Ben_West🔸 @ 2025-10-08T18:53 (+6)

Thanks for writing this up - I think "you don't need to worry about reward hacking in powerful AI because solving reward hacking will be necessary for developing powerful AI" is an important topic. (Although your frame is more "we will fail to solve reward hacking and therefore fail to develop powerful AI," IIUC.)

I would find it helpful if you reacted more to the existing literature. E.g. I don't think anyone disagrees with your high-level point that it's hard to accurately supervise models, particularly as they get more capable, but also we have empirical evidence that weak models can successfully supervise stronger models and the stronger model won't just naively copy the mistakes of the weak supervisor to maximize its reward. Is your objection to this that you don't think that these techniques won't scale to more powerful AI, or that even if they do scale it won't be good enough, or something else?

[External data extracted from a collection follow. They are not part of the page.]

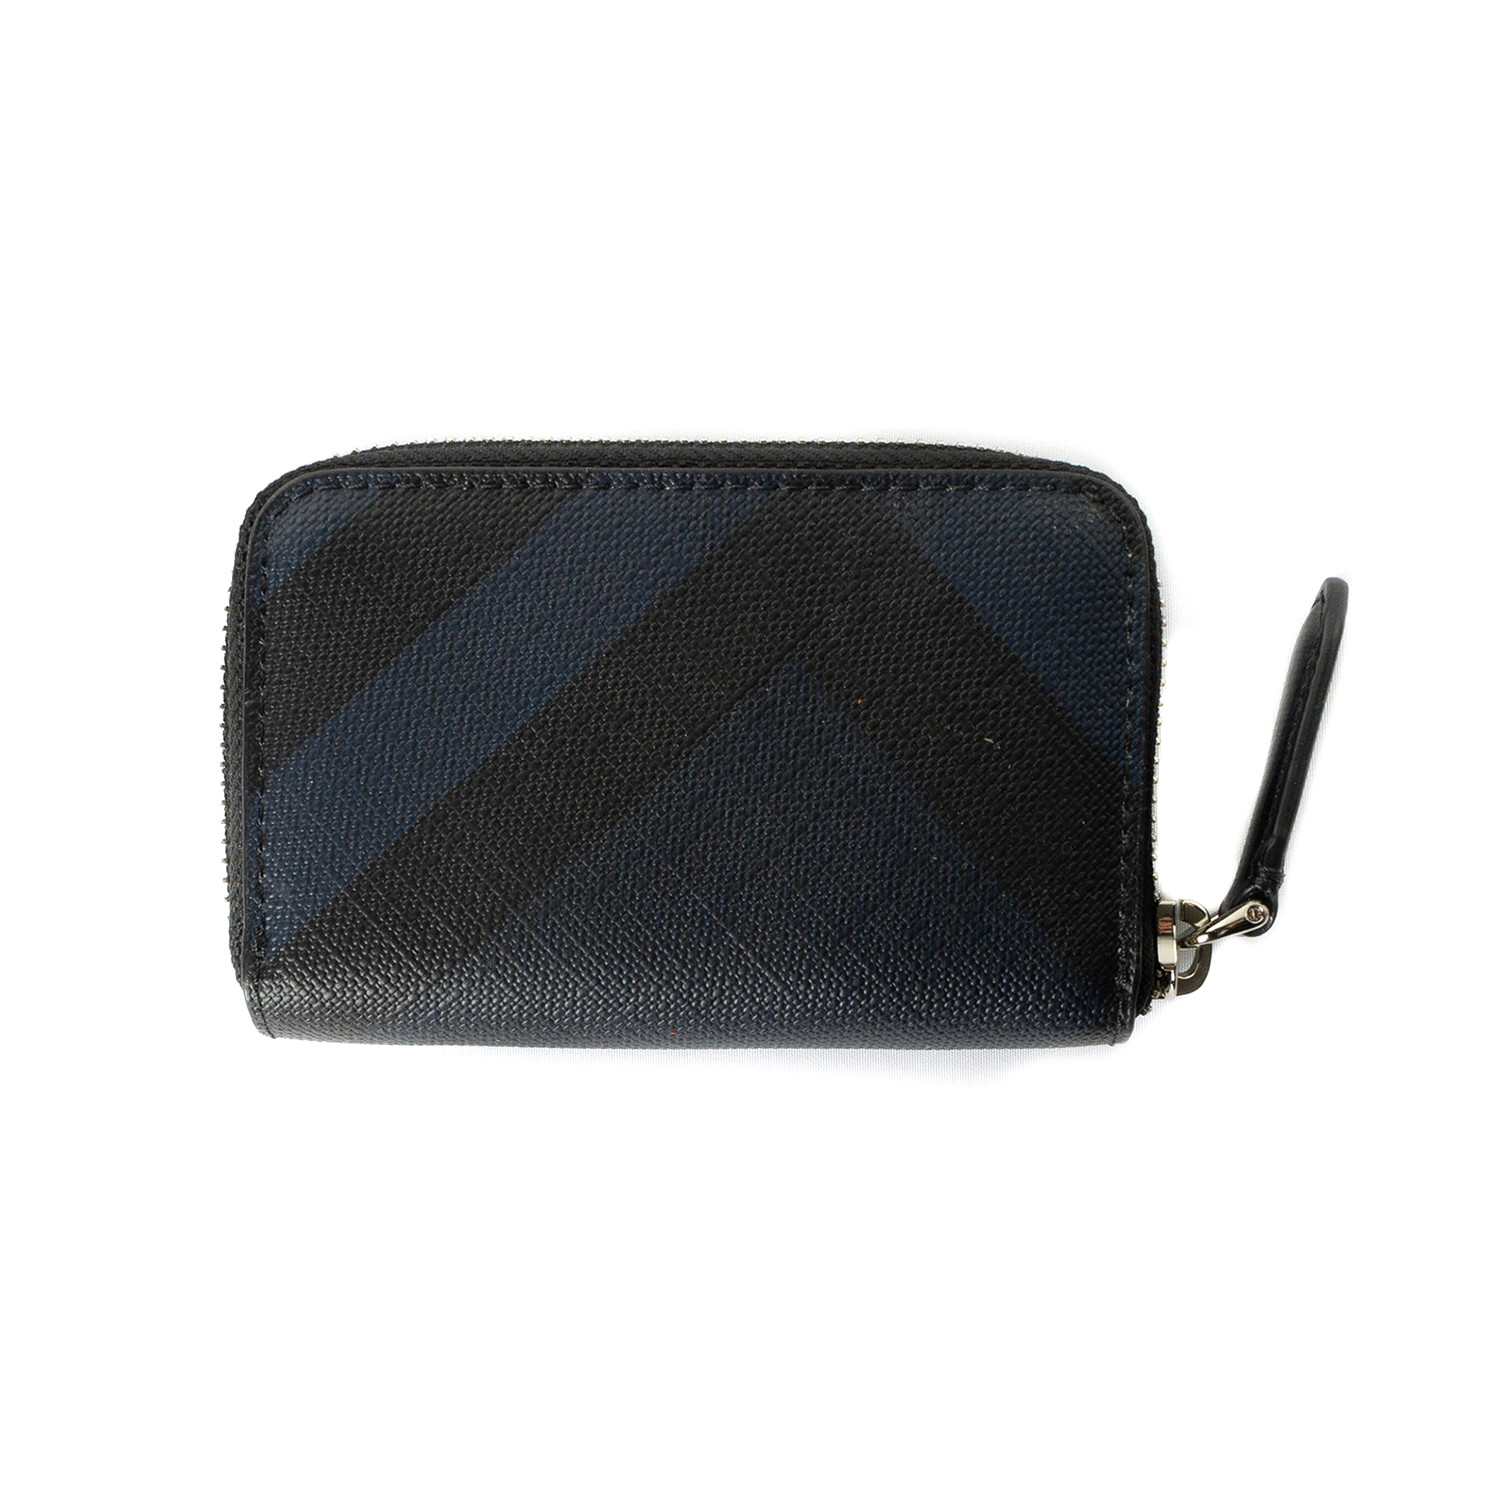 Small Zipper Wallet // Navy + Black - Burberry - Touch of Modern
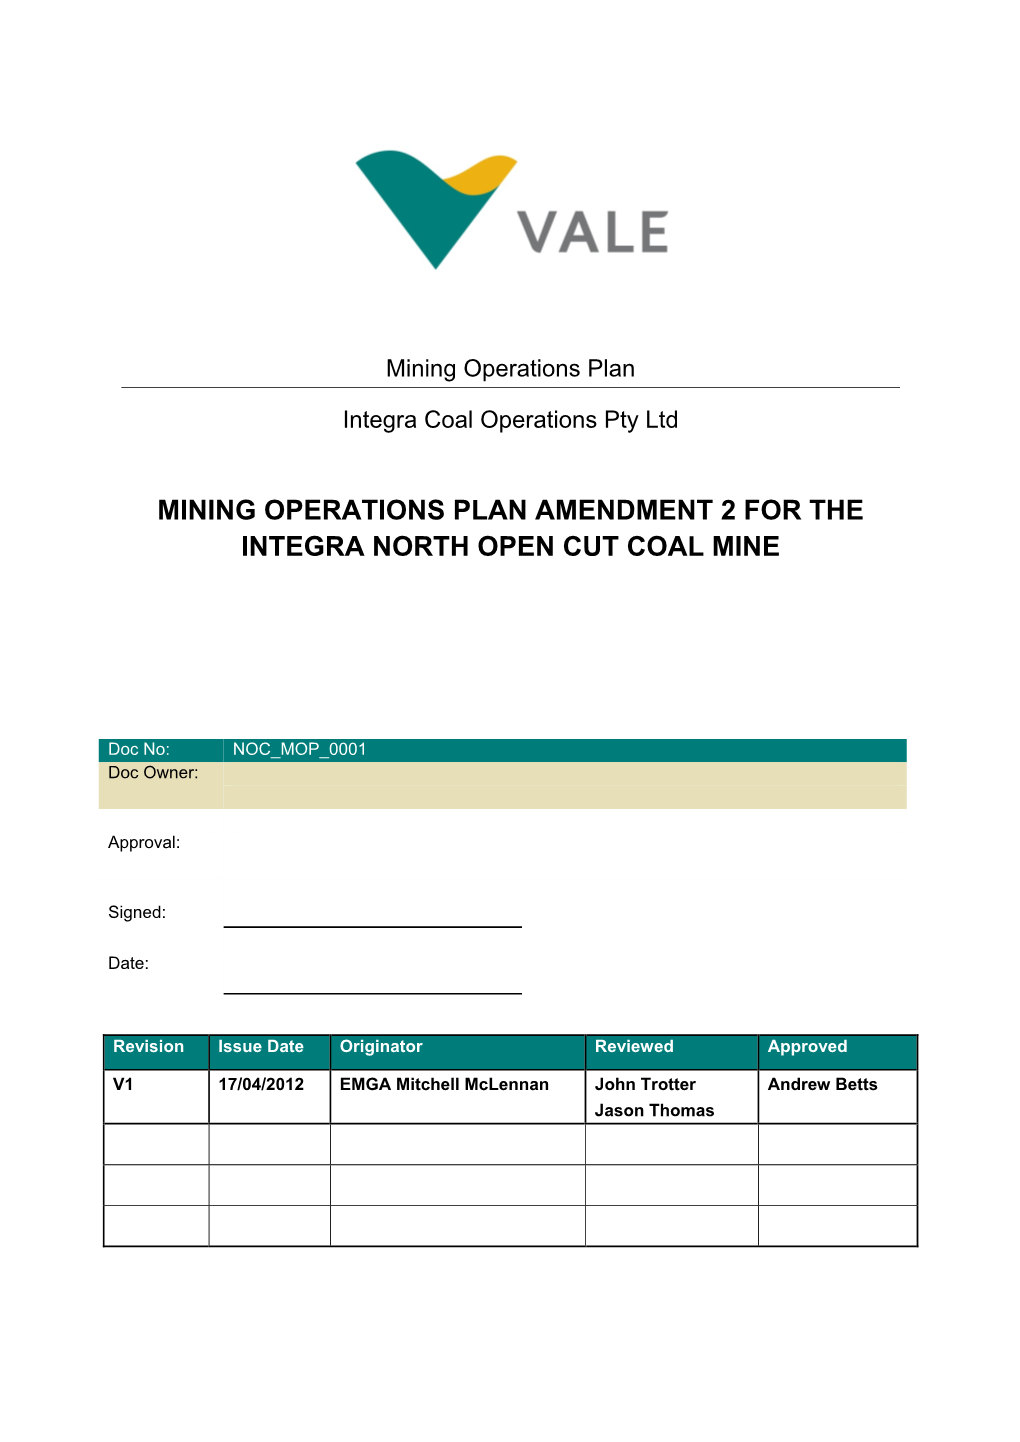 Mining Operations Plan Amendment 2 for the Integra North Open Cut Coal Mine
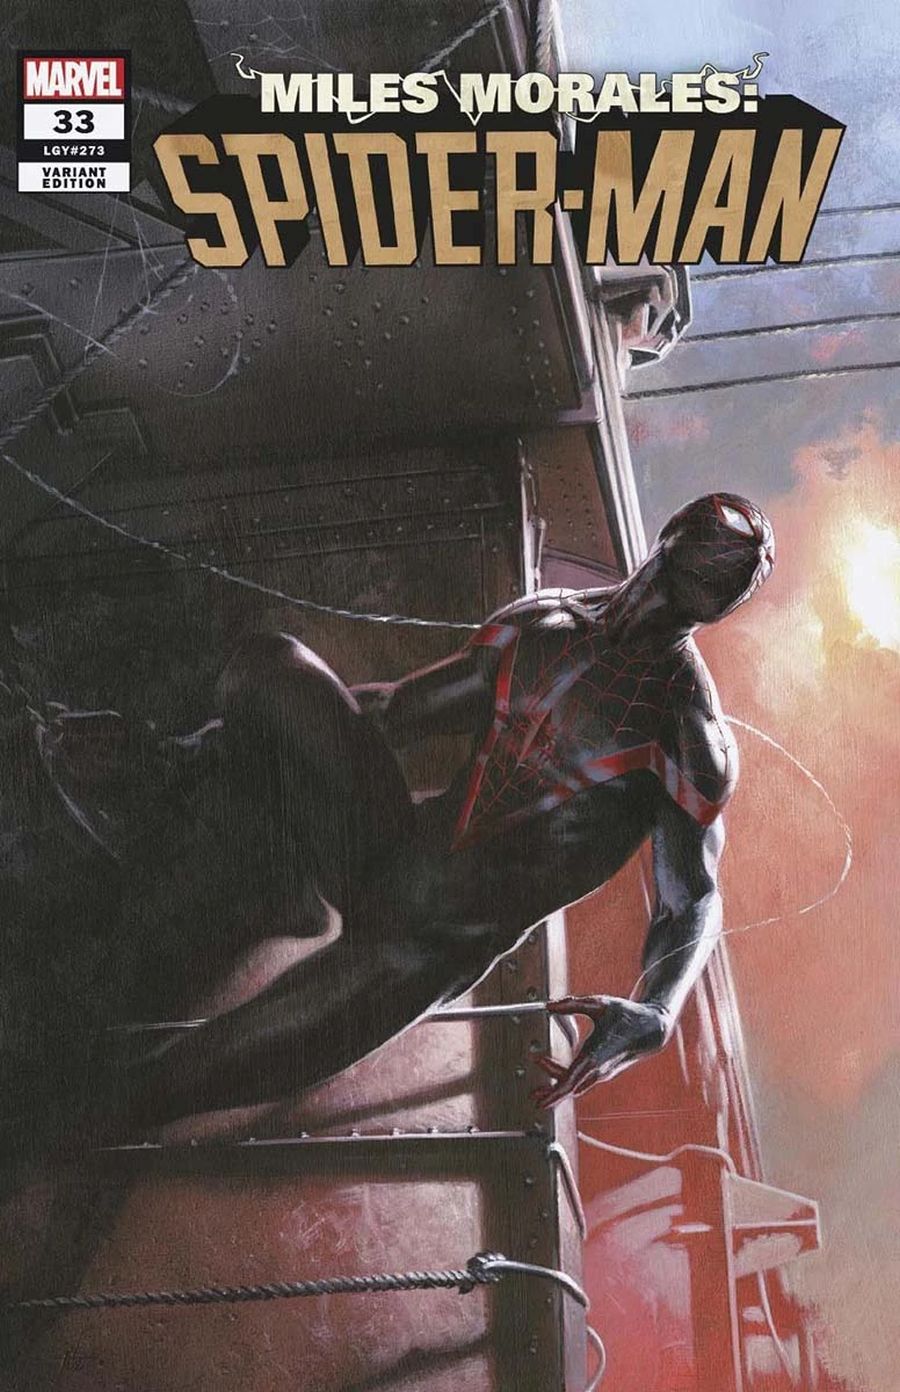 Miles Morales: Spider-Man #33
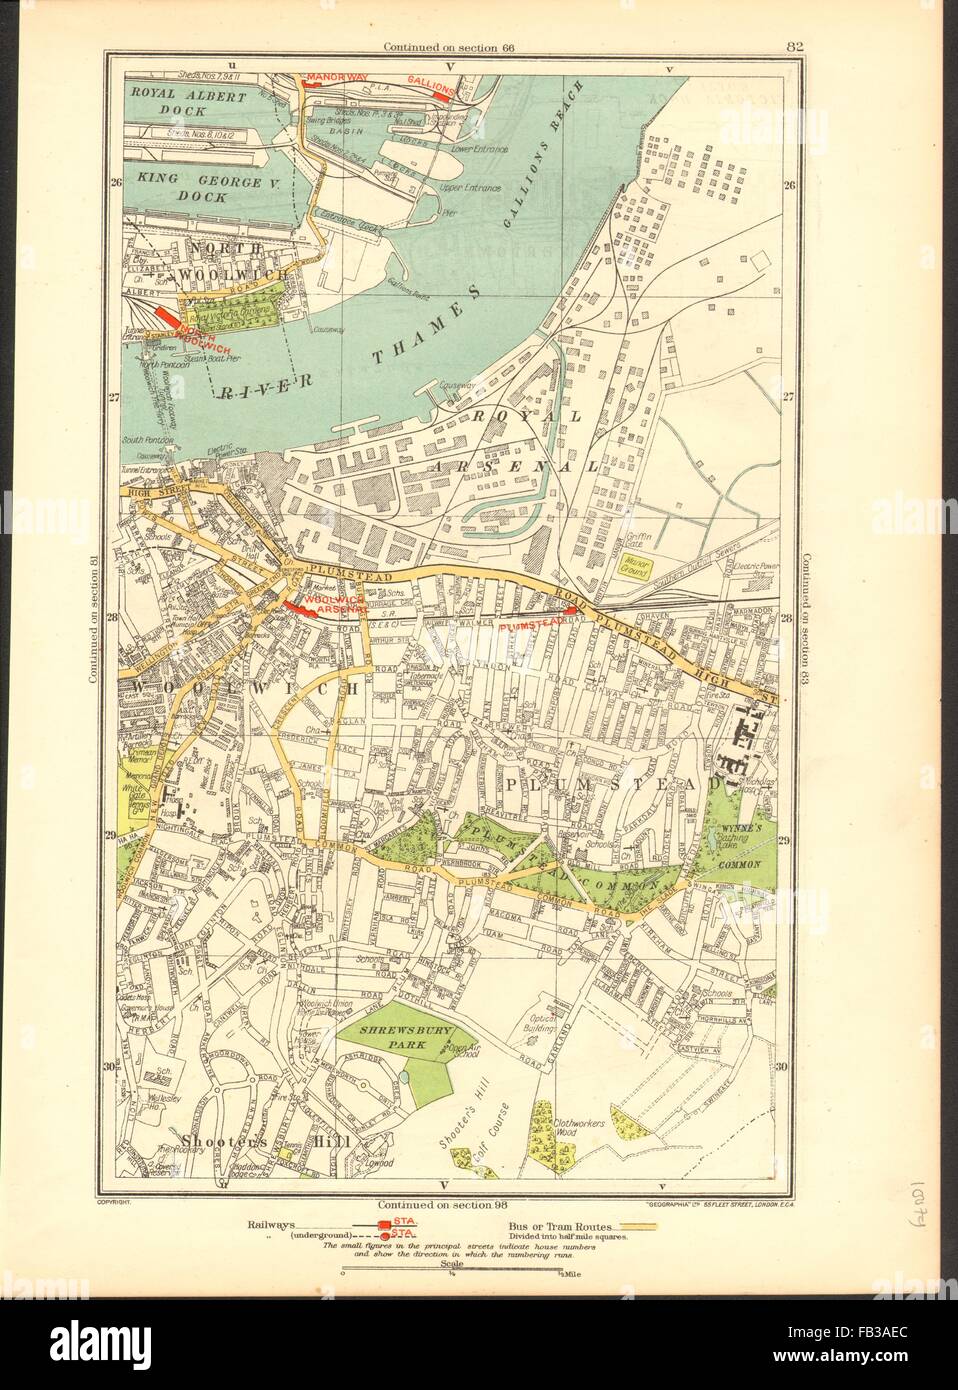 Londra: North Woolwich,Plumstead,Gallions,Manor modo,Woolwich Arsenal, 1937 Mappa Foto Stock

Midtermist12 @ 2025-10-07T17:59 (+4)

Thank you for this detailed analysis. I found the human analogy initially confusing, but I think there's an important argument here that could be made more explicit.

The essay documents extensive DSL (deceitful, sycophantic, lazy) behavior in humans, which initially seems to undermine the claim that AI will be different. However, you do address why humans accomplish difficult things despite these traits:

"People do not appreciate how much of science relies on the majority of people practicing it to be rigorous, skilled, and ideologically dedicated to truth-seeking."

If I understand correctly, your core argument is:

Humans have DSL traits BUT also possess intrinsic motivation, professional pride, and ideological commitment to truth/excellence that counterbalances these tendencies. AI systems, trained purely through reward optimization, will lack these counterbalancing motivations and therefore DSL traits will dominate more completely.

This is actually quite a sophisticated claim about the limits of instrumental training, but it's somewhat buried in the "vibe physics" section. Making it more prominent might strengthen the essay, as it directly addresses the apparent paradox of "if humans are DSL, why do they succeed?"

Does this capture your argument correctly?

(note the above comment was generated with the assistance of AI)

Midtermist12 @ 2025-10-08T14:34 (+4)

I don't really understand why I am getting downvoted/disagreevoted. I was just pointing out the contrast between humans - who also have the traits discussed in this post - and AI, which is basically that human beings have intrinsic motivations and virtues that AI does not have. I thought that this was a critical piece that was not really emphasized. It is pretty dispiriting to read through an article, point out something you think might be helpful, and have this happen.

Kestrel🔸 @ 2025-10-09T18:18 (+1)

Great essay, best I've seen yet.

I wonder if it's possible to solve the alignment problem by just somehow legally requiring models to be lazy (something they seem to be doing anyway, so it's more a ban on any strategies that fix it "too well", for catastrophic safety reasons).